**What you will do**
Each entry needs to be duplicated exactly.

**Records shown**
-=-=-

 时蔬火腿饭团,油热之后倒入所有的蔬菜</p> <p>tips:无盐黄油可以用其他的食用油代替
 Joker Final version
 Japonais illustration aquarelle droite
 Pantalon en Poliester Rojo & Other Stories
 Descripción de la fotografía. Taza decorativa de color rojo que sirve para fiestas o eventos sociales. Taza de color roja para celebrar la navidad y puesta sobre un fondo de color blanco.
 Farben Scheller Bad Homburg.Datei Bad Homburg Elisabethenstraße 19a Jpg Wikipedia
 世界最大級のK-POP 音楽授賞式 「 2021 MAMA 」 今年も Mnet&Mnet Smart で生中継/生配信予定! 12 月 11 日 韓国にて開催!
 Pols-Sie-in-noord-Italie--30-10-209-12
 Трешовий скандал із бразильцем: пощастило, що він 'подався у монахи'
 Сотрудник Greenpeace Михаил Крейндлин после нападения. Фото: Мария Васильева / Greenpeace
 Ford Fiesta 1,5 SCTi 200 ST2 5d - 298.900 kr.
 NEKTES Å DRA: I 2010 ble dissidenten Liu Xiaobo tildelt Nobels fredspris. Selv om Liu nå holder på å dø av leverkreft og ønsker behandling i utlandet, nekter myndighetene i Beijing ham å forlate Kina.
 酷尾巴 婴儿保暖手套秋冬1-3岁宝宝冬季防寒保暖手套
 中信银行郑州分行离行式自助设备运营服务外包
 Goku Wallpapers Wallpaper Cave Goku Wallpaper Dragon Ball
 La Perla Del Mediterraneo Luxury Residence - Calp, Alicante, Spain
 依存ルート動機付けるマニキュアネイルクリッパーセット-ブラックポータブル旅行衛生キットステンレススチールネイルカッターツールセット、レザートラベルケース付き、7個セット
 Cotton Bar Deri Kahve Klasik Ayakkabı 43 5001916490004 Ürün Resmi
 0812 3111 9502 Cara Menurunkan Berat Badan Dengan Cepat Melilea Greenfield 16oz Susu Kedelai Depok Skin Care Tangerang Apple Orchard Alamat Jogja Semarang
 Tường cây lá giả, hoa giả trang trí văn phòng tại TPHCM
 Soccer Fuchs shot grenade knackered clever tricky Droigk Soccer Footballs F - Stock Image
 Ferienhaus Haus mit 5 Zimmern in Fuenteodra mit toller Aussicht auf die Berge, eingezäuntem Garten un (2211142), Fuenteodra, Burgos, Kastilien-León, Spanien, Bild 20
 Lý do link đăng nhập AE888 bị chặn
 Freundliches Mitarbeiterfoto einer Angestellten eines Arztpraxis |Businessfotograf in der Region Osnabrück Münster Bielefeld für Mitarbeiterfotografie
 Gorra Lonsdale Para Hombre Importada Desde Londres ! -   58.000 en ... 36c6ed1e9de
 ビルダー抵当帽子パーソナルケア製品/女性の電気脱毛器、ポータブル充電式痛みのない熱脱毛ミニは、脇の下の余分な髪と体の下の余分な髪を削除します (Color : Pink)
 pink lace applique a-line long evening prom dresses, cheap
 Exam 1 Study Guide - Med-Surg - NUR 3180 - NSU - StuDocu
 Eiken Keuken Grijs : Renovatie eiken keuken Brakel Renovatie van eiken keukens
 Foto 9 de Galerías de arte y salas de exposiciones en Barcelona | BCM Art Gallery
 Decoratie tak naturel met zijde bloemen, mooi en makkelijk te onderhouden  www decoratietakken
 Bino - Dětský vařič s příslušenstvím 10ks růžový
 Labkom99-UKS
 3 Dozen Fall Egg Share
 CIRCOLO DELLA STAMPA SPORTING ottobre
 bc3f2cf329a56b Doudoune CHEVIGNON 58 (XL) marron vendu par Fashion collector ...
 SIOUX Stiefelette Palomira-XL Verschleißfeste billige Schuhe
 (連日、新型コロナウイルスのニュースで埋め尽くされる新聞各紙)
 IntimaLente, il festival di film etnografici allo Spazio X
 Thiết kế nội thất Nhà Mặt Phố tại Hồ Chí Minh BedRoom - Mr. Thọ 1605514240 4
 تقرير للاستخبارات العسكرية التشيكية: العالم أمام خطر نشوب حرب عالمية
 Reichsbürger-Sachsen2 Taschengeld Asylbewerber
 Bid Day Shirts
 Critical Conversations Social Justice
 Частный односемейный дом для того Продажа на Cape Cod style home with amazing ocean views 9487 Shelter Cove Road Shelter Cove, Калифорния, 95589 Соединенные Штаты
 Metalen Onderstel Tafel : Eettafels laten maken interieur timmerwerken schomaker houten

-=-=-

**Problem solution**
 时蔬火腿饭团,油热之后倒入所有的蔬菜</p> <p>tips:无盐黄油可以用其他的食用油代替
 Joker Final version
 Japonais illustration aquarelle droite
 Pantalon en Poliester Rojo & Other Stories
 Descripción de la fotografía. Taza decorativa de color rojo que sirve para fiestas o eventos sociales. Taza de color roja para celebrar la navidad y puesta sobre un fondo de color blanco.
 Farben Scheller Bad Homburg.Datei Bad Homburg Elisabethenstraße 19a Jpg Wikipedia
 世界最大級のK-POP 音楽授賞式 「 2021 MAMA 」 今年も Mnet&Mnet Smart で生中継/生配信予定! 12 月 11 日 韓国にて開催!
 Pols-Sie-in-noord-Italie--30-10-209-12
 Трешовий скандал із бразильцем: пощастило, що він 'подався у монахи'
 Сотрудник Greenpeace Михаил Крейндлин после нападения. Фото: Мария Васильева / Greenpeace
 Ford Fiesta 1,5 SCTi 200 ST2 5d - 298.900 kr.
 NEKTES Å DRA: I 2010 ble dissidenten Liu Xiaobo tildelt Nobels fredspris. Selv om Liu nå holder på å dø av leverkreft og ønsker behandling i utlandet, nekter myndighetene i Beijing ham å forlate Kina.
 酷尾巴 婴儿保暖手套秋冬1-3岁宝宝冬季防寒保暖手套
 中信银行郑州分行离行式自助设备运营服务外包
 Goku Wallpapers Wallpaper Cave Goku Wallpaper Dragon Ball
 La Perla Del Mediterraneo Luxury Residence - Calp, Alicante, Spain
 依存ルート動機付けるマニキュアネイルクリッパーセット-ブラックポータブル旅行衛生キットステンレススチールネイルカッターツールセット、レザートラベルケース付き、7個セット
 Cotton Bar Deri Kahve Klasik Ayakkabı 43 5001916490004 Ürün Resmi
 0812 3111 9502 Cara Menurunkan Berat Badan Dengan Cepat Melilea Greenfield 16oz Susu Kedelai Depok Skin Care Tangerang Apple Orchard Alamat Jogja Semarang
 Tường cây lá giả, hoa giả trang trí văn phòng tại TPHCM
 Soccer Fuchs shot grenade knackered clever tricky Droigk Soccer Footballs F - Stock Image
 Ferienhaus Haus mit 5 Zimmern in Fuenteodra mit toller Aussicht auf die Berge, eingezäuntem Garten un (2211142), Fuenteodra, Burgos, Kastilien-León, Spanien, Bild 20
 Lý do link đăng nhập AE888 bị chặn
 Freundliches Mitarbeiterfoto einer Angestellten eines Arztpraxis |Businessfotograf in der Region Osnabrück Münster Bielefeld für Mitarbeiterfotografie
 Gorra Lonsdale Para Hombre Importada Desde Londres ! -   58.000 en ... 36c6ed1e9de
 ビルダー抵当帽子パーソナルケア製品/女性の電気脱毛器、ポータブル充電式痛みのない熱脱毛ミニは、脇の下の余分な髪と体の下の余分な髪を削除します (Color : Pink)
 pink lace applique a-line long evening prom dresses, cheap
 Exam 1 Study Guide - Med-Surg - NUR 3180 - NSU - StuDocu
 Eiken Keuken Grijs : Renovatie eiken keuken Brakel Renovatie van eiken keukens
 Foto 9 de Galerías de arte y salas de exposiciones en Barcelona | BCM Art Gallery
 Decoratie tak naturel met zijde bloemen, mooi en makkelijk te onderhouden  www decoratietakken
 Bino - Dětský vařič s příslušenstvím 10ks růžový
 Labkom99-UKS
 3 Dozen Fall Egg Share
 CIRCOLO DELLA STAMPA SPORTING ottobre
 bc3f2cf329a56b Doudoune CHEVIGNON 58 (XL) marron vendu par Fashion collector ...
 SIOUX Stiefelette Palomira-XL Verschleißfeste billige Schuhe
 (連日、新型コロナウイルスのニュースで埋め尽くされる新聞各紙)
 IntimaLente, il festival di film etnografici allo Spazio X
 Thiết kế nội thất Nhà Mặt Phố tại Hồ Chí Minh BedRoom - Mr. Thọ 1605514240 4
 تقرير للاستخبارات العسكرية التشيكية: العالم أمام خطر نشوب حرب عالمية
 Reichsbürger-Sachsen2 Taschengeld Asylbewerber
 Bid Day Shirts
 Critical Conversations Social Justice
 Частный односемейный дом для того Продажа на Cape Cod style home with amazing ocean views 9487 Shelter Cove Road Shelter Cove, Калифорния, 95589 Соединенные Штаты
 Metalen Onderstel Tafel : Eettafels laten maken interieur timmerwerken schomaker houten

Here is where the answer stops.